At best, they prolong the inevitable.
"I've been throwing this way my whole life. I'm not going to try to reinvent the wheel."
-- Nationals pitcher Stephen Strasburg
Tommy John never did work at that car dealership back home in Indiana. His surgeon saved him. But it wasn't only the scalpel that made him -- to this day -- the most successful pitcher following UCL reconstruction.
During rehab, John hooked up with his teammate, Mike Marshall. "The surgery worked for Tommy because I made him put his hand under the baseball," Marshall says. John acknowledges a change in grip. "If you move it to the side, the ball is pointing back when your hands break and you can come up nice and high," says John, who pitched another 14 years, won 164 games and retired at age 46.

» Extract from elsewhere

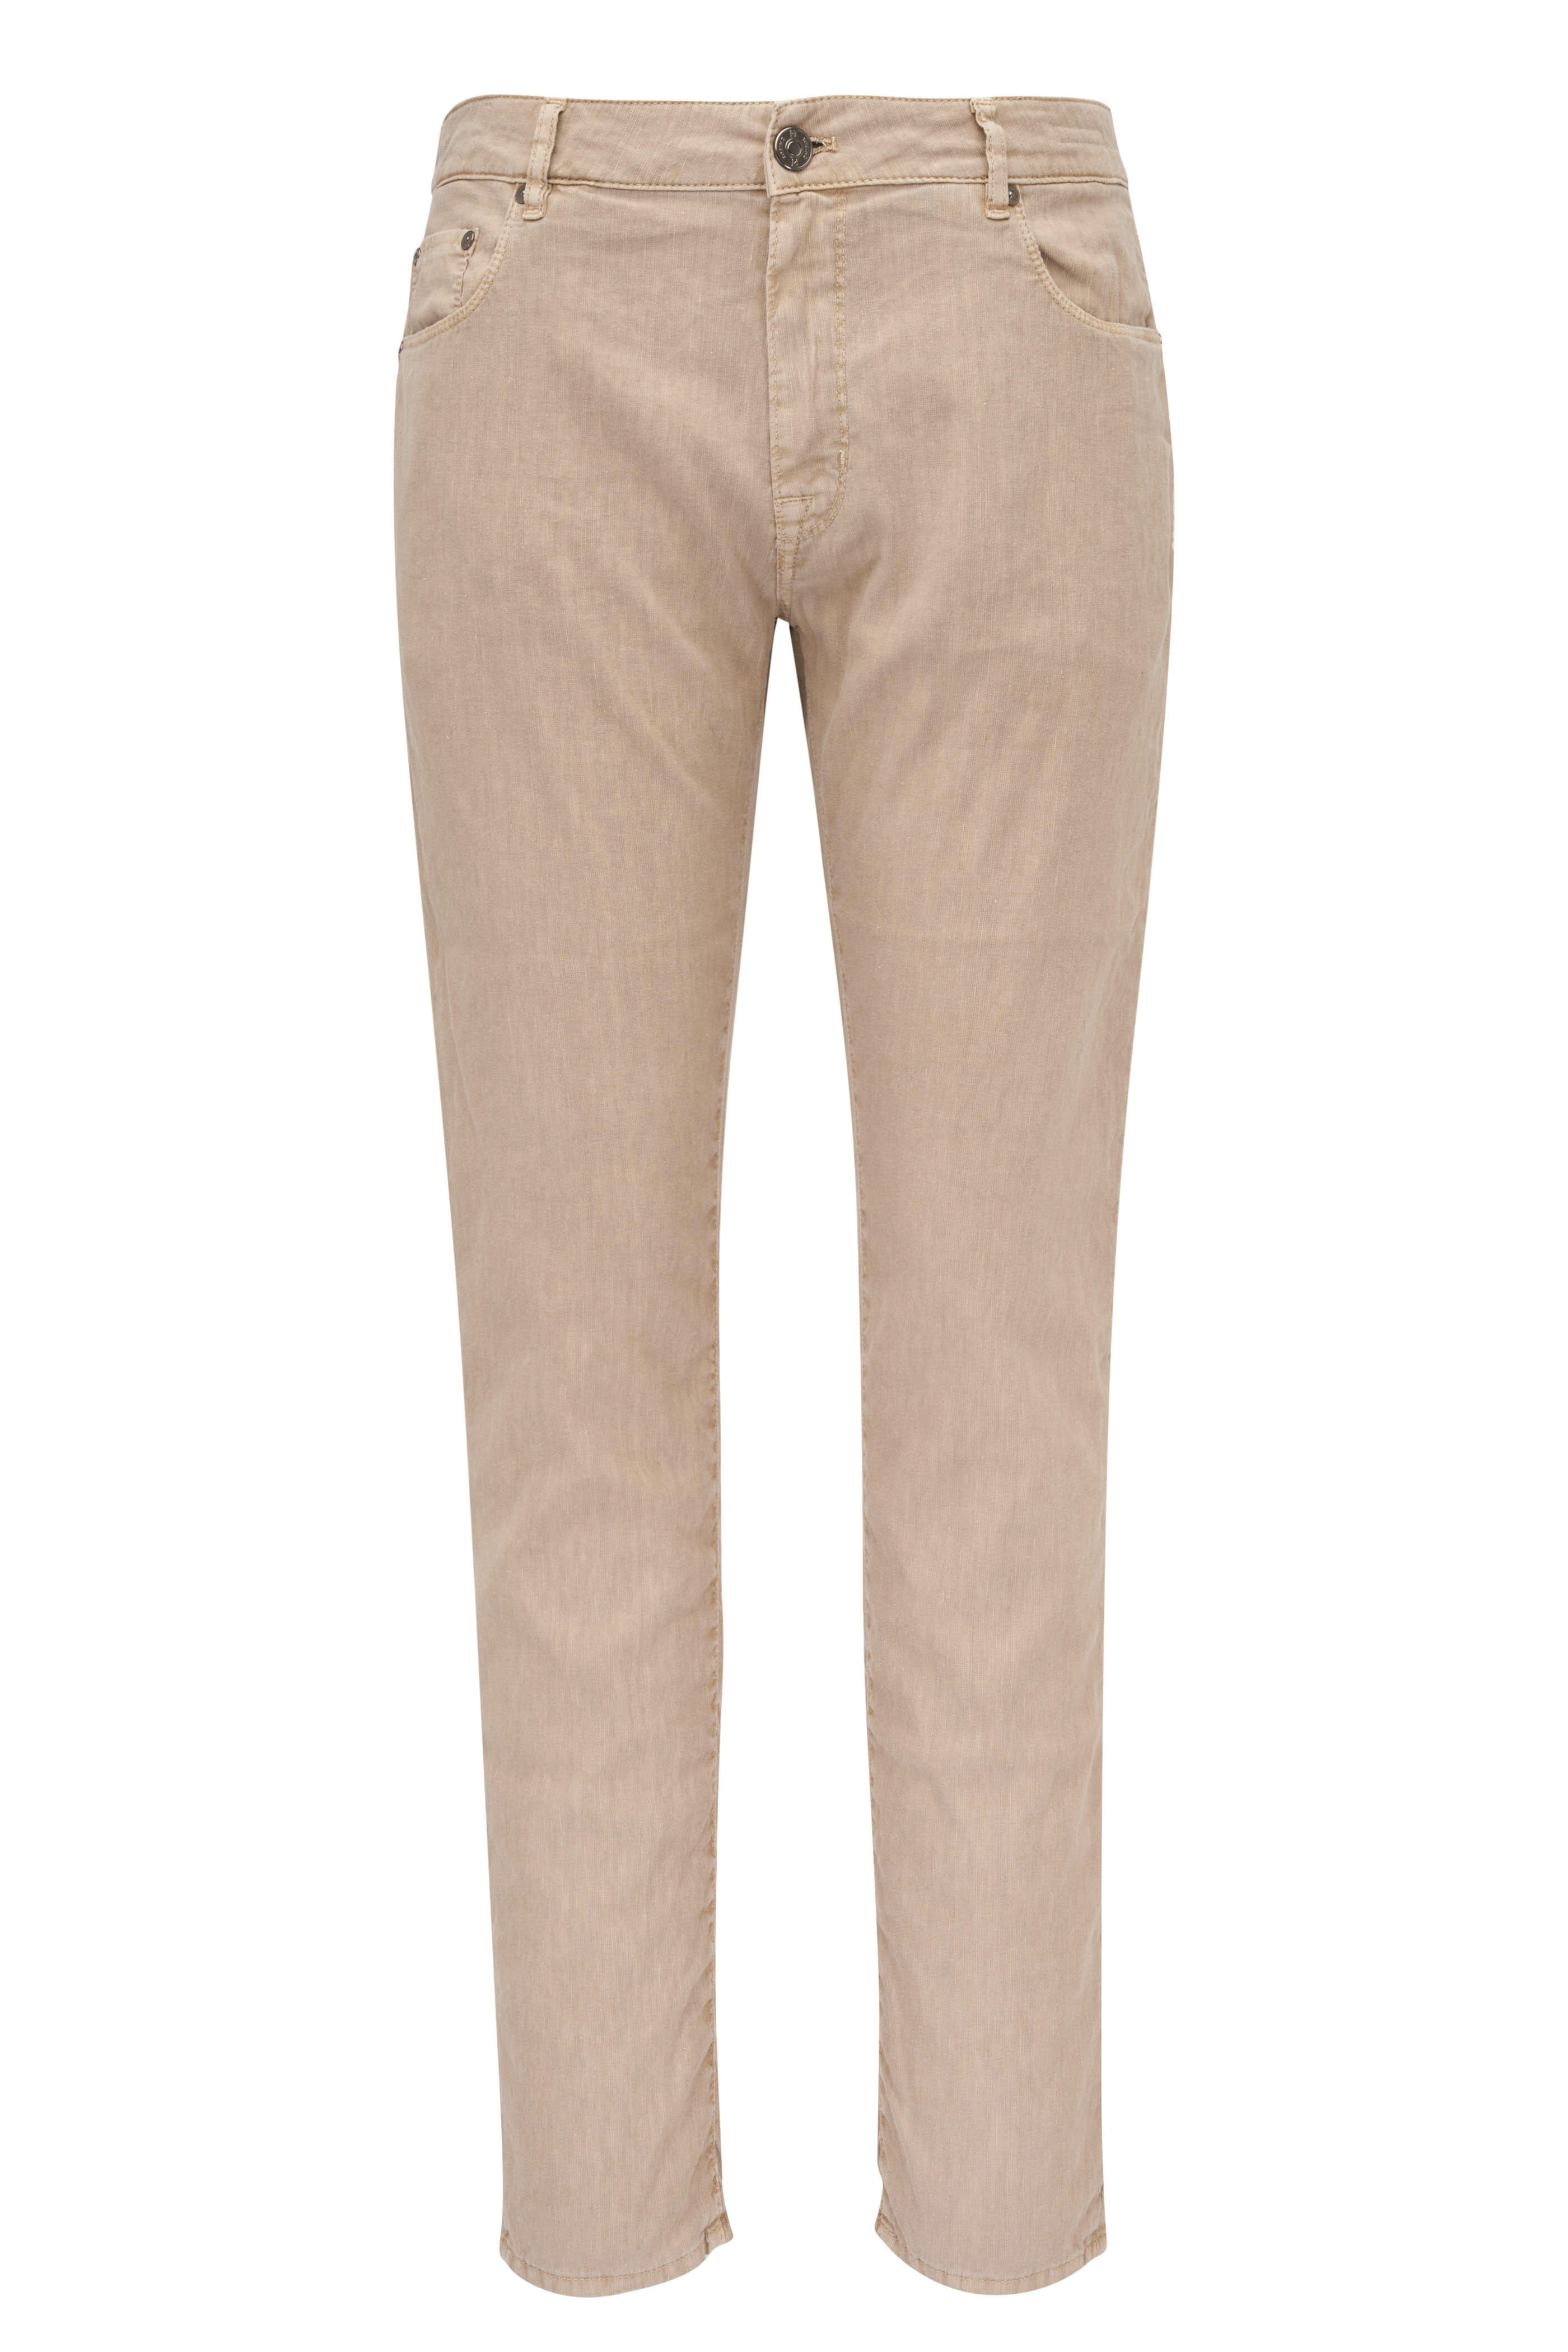 PT Torino - Sand Linen & Cotton Five Pocket Pant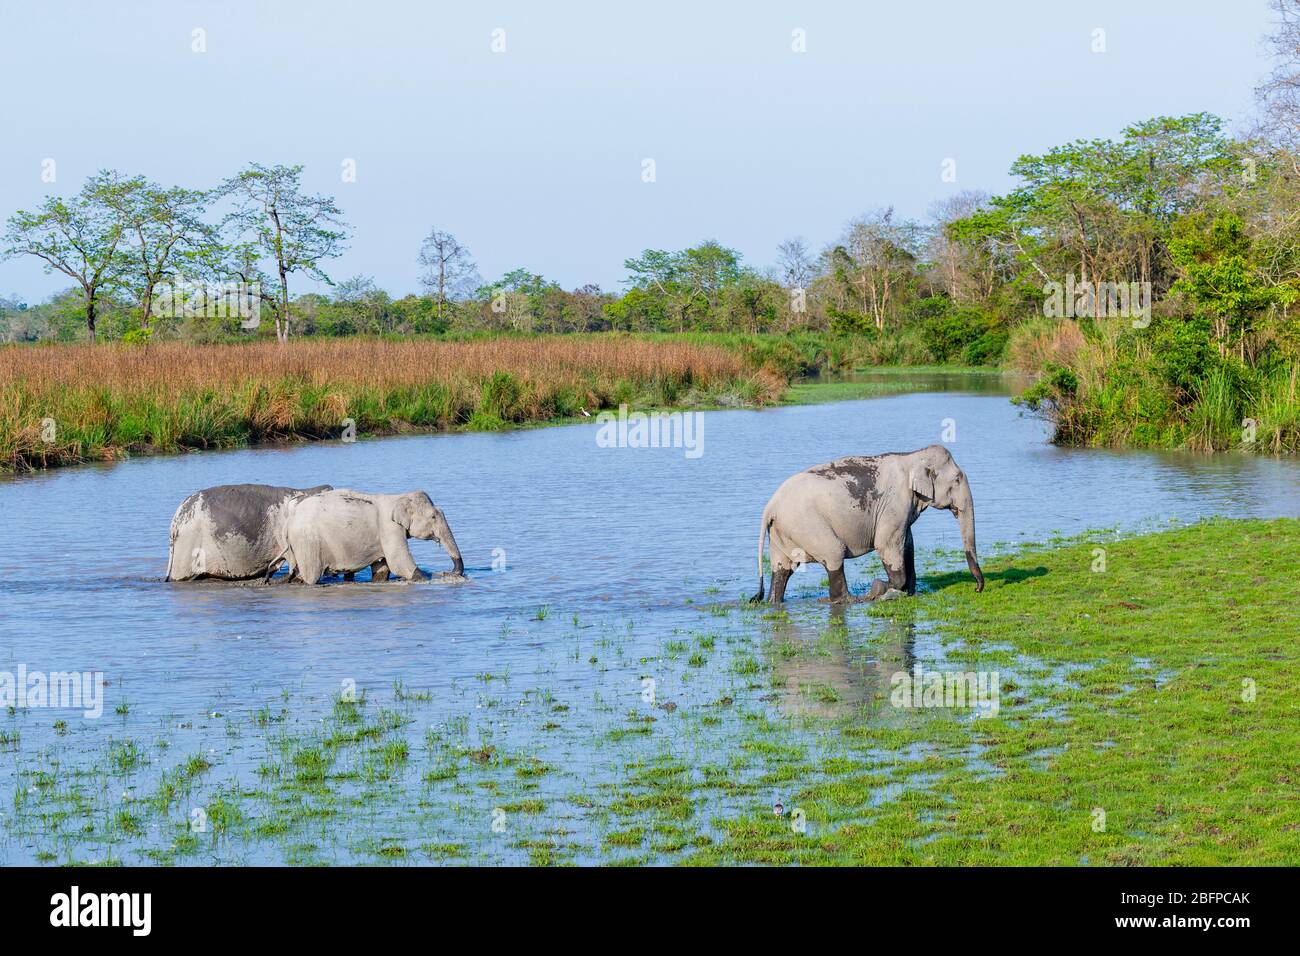 Three Indian elephants (Elephas maximus indicus) crossing a river in Kaziranga National Park, Assam, northeastern India Stock Photo

The Nationals hope that Strasburg, at 23, has an equally long career ahead of him. After all, he's brilliant. Following his yearlong rehab, Strasburg made five starts last September. He pitched 24 innings, with 24 strikeouts, just two walks and a 1.50 ERA. His command was good; 224 of his 328 pitches were strikes, the prettiest of which was a 99 mph, letter-high, 0-and-2 fastball that fanned Marlins slugger Giancarlo Stanton in the top of the first inning on Sept. 17.
But earlier in the game, Nationals TV analyst F.P. Santangelo recalled a one-inning stretch six days earlier when Strasburg was hitting only 92 and 93 on the radar gun, causing some concern inside the Beltway. "He's getting out front, and his arm was dragging," Santangelo said, referring to Strasburg's habitual arm lag, which takes more of a toll when the pitcher tires. Play-by-play man Bob Carpenter piped up a few innings later, relaying what Nationals pitching coach Steve McCatty had told him: "'I don't want to be the one that screws the kid up.'" And then: "He's scared to death every time Strasburg goes to pitch."
He should be. Tommy John surgery isn't nearly as successful the second time.